Further, the Coles were not "deprived of a fair chance to respond to the summary judgment motion." Brown, 586 F.3d at 1084. They stipulated to the discovery deadline in the scheduling order entered by the Bankruptcy Court. They also had every chance to respond to the Trustee's motion for summary judgment, as evidenced by their filing of their own motions. They sought several extensions of time to respond and in all, were granted a total of 102 days in which to respond, almost five times the 21 days for response provided by Local Rule 9013-1.H.3, U.S. Bankr. Ct. W.D. Mo. The fact that one of the Coles was incarcerated for some portion of the time the summary judgment motion was pending did not deprive them of a fair chance. Bruce Cole's incarceration may have made the task of responding more cumbersome than it otherwise would have been, but any such difficulty should have been remedied by the Bankruptcy Court's grant of additional time, particularly in view of the face that Nanette Cole was not incarcerated, and both Coles are licensed attorneys.

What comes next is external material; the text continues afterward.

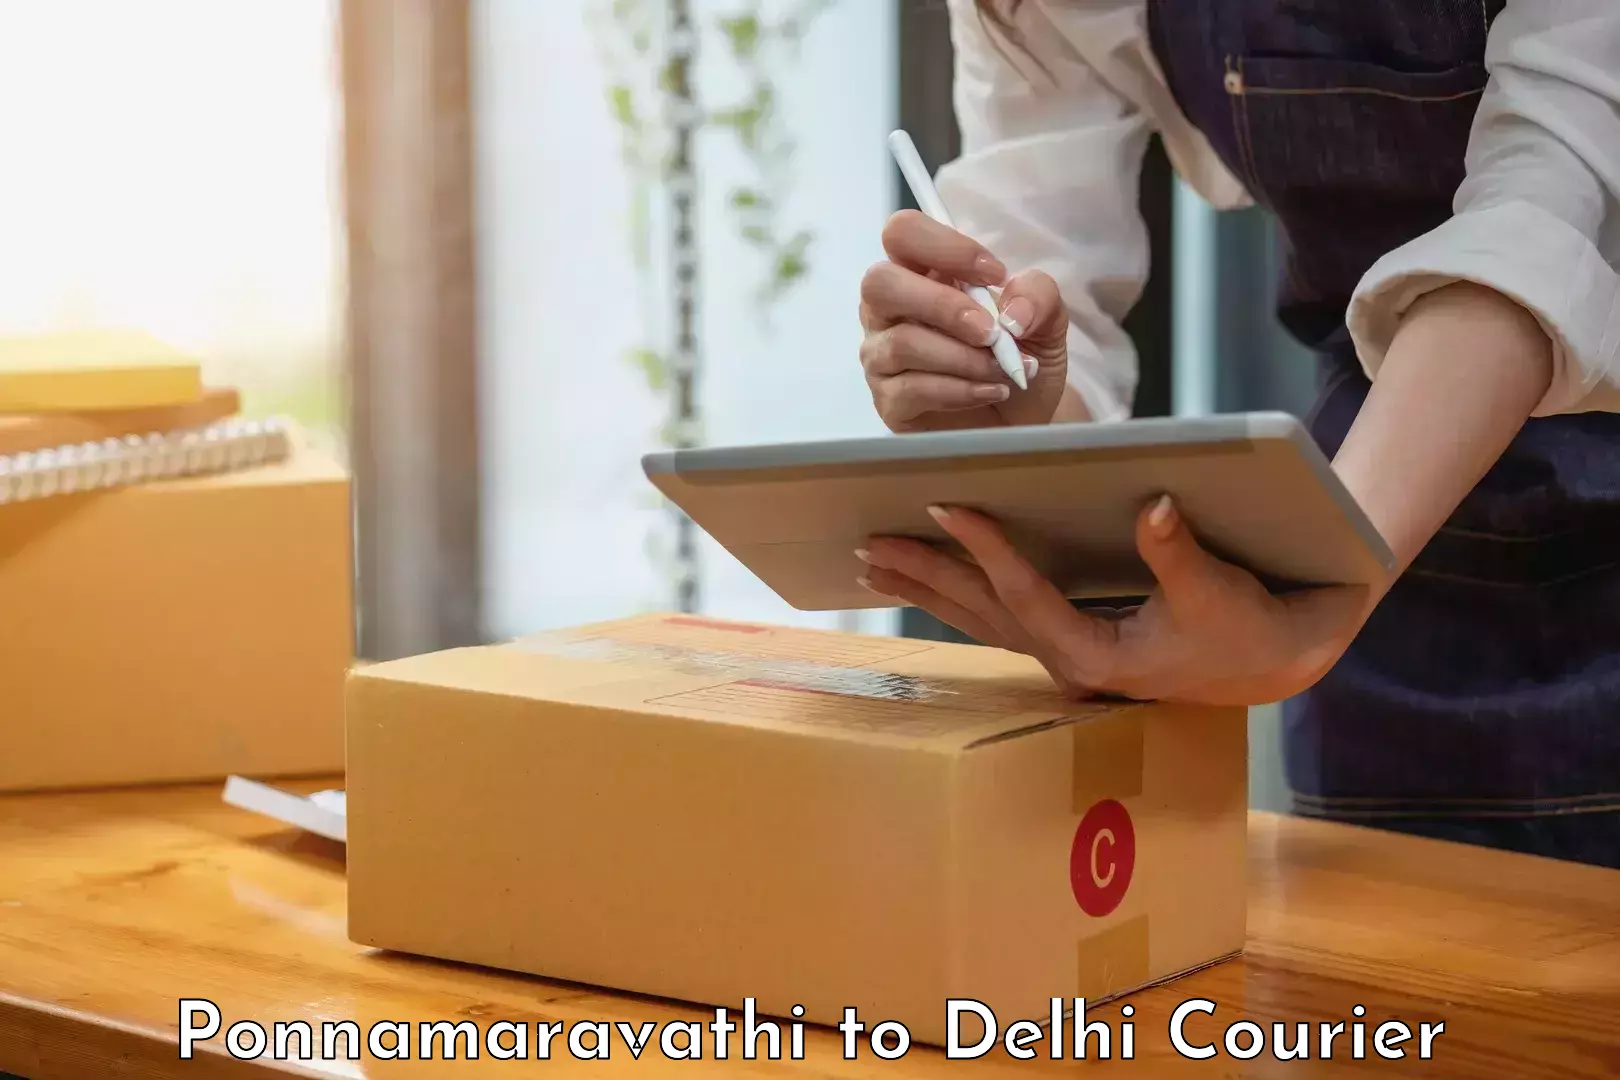 Speedy delivery service Ponnamaravathi to Guru Gobind Singh Indraprastha University New Delhi

The Bankruptcy Court did not abuse its discretion in refusing to grant the Coles more time to respond to the motion for summary judgment.

F. Issue 4, exclusion of Pellegrino report

The Bankruptcy Court did not abuse its discretion in refusing the Coles' offer of the Pellegrino Report.

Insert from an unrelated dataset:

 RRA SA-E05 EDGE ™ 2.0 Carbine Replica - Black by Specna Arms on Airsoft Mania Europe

First, the report was not authenticated. Rule 56(c)(2) of the Federal Rules of Civil Procedure, made applicable to adversary proceedings by Rule 7056 of the Federal Rules of Bankruptcy Procedure, provides that a party may object to material cited in support of factual disputes if it is not presented in a form that would be admissible in evidence. The report was not self-authenticating, nor was it accompanied by an affidavit or excerpt from deposition testimony. This was particularly problematic because the report was marked as a draft and was not dated.

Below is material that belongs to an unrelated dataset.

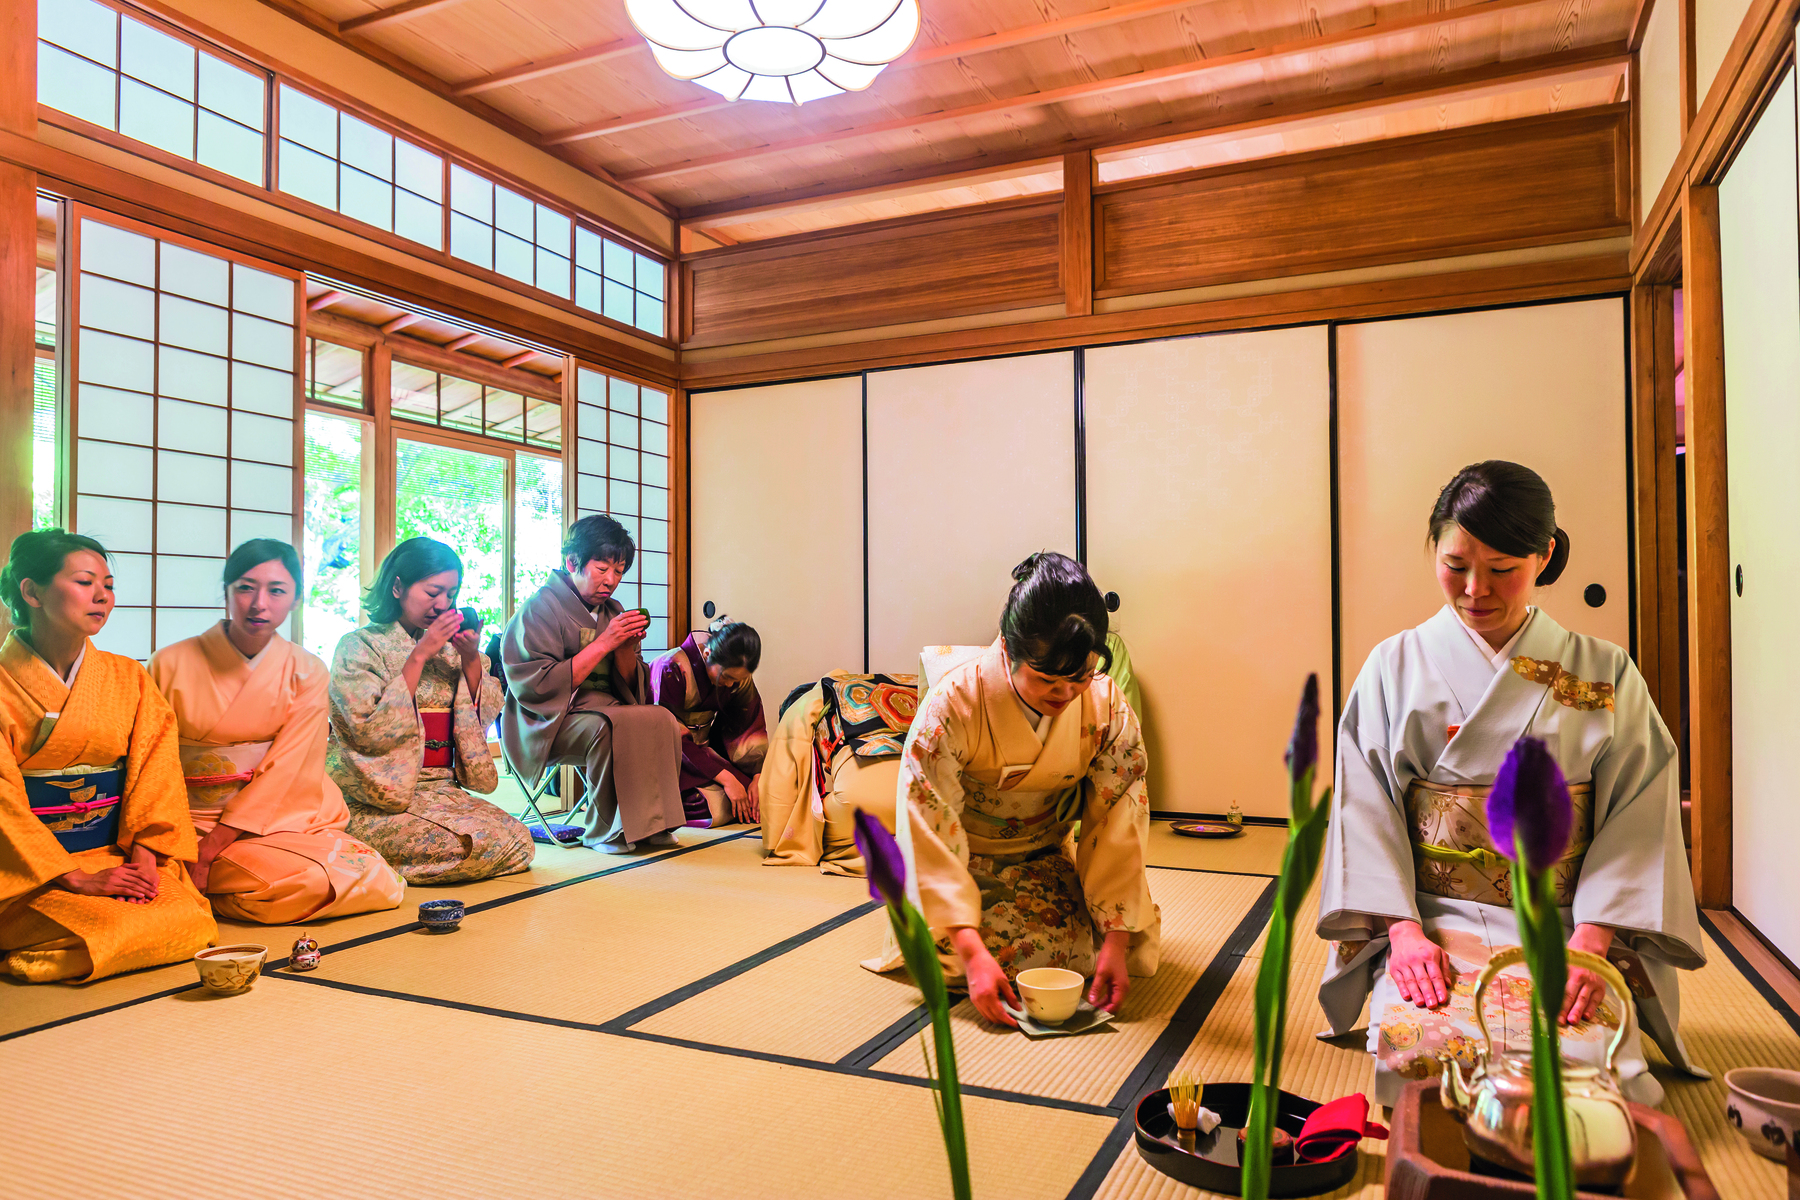 Fotografia. Cerimônia do chá em um aposento tradicional japonês, com estrutura e revestimento de madeira, com portas e janelas revestidas por papel de arroz. Duas mulheres vestindo quimono estão ajoelhadas de frente sobre uma espécie de tatame, diante de um aparato para o preparo de chá. Ao lado, próximas e uma janela, outras mulheres de quimono estão ajoelhadas lado a lado de frente para as primeiras; uma delas está sentada em uma cadeira.

Second, the opinion provided in the report is hearsay. Hearsay cannot defeat summary judgment. Knutson v. Schwan's Home Serv., Inc., 711 F.3d 911, 914-15 (8th Cir. 2013).

Finally, the report has little or no probative value and considering it would have been a waste of time. Fed.R.Evid. 403. In purporting to value Mamtek's intellectual property at $52 million, the report is premised on an assumption, demonstrated by the undisputed facts to be incorrect, that Mamtek had completed and was operating the sucralose manufacturing facility. In fact, there is no evidence that Mamtek was capable of ever raising sufficient capital to get the project up and running.

The Coles argue that the report evidences additional Mamtek assets - certain intellectual property rights leased by Mamtek, having an alleged value of $52 million - and establishes a dispute of fact regarding Mamtek's insolvency. But as noted above, even if the Bankruptcy Court had considered it, adding the $52 million figure to the asset side of the calculation does not create a genuine dispute of material fact with respect to the Trustee's evidence that Mamtek was insolvent. Its liabilities would still have exceeded its assets by at least $20 million.

The Bankruptcy Court did not abuse its discretion in refusing to consider the report.

G. Issue 6, denial of motion to amend or for new hearing, and Issue 10, Bankruptcy Court jurisdiction over proceeds of sale of the Coles' residence

Issues 6 and 10 on appeal are waived because the Coles do not raise or brief them on appeal. See Fed. R. Bankr. Proc. 8010(a) (requiring appellant's brief to contain an argument, setting out the contentions with respect to issues presented, reasons therefor, and citations to authorities, statutes and record); and In re Narowetz Mechanical Contractors, Inc., 99 B.R. 850, 858 n.14 (N.D. Ill. 1989) (issues not set out in appellant's opening brief deemed waived, citing Bankr. R. 8010(a)(1)).

VI. Conclusion

The Bankruptcy Court's proposed findings of fact and conclusions of law are adopted to the extent consistent with this Order, and the Trustee's motion for partial summary judgment is granted.

The Trustee's motion [Doc. 21] to strike the Coles' reply brief, and the Coles' motion [Doc. 24] to correct citation errors in a filing, are denied as moot.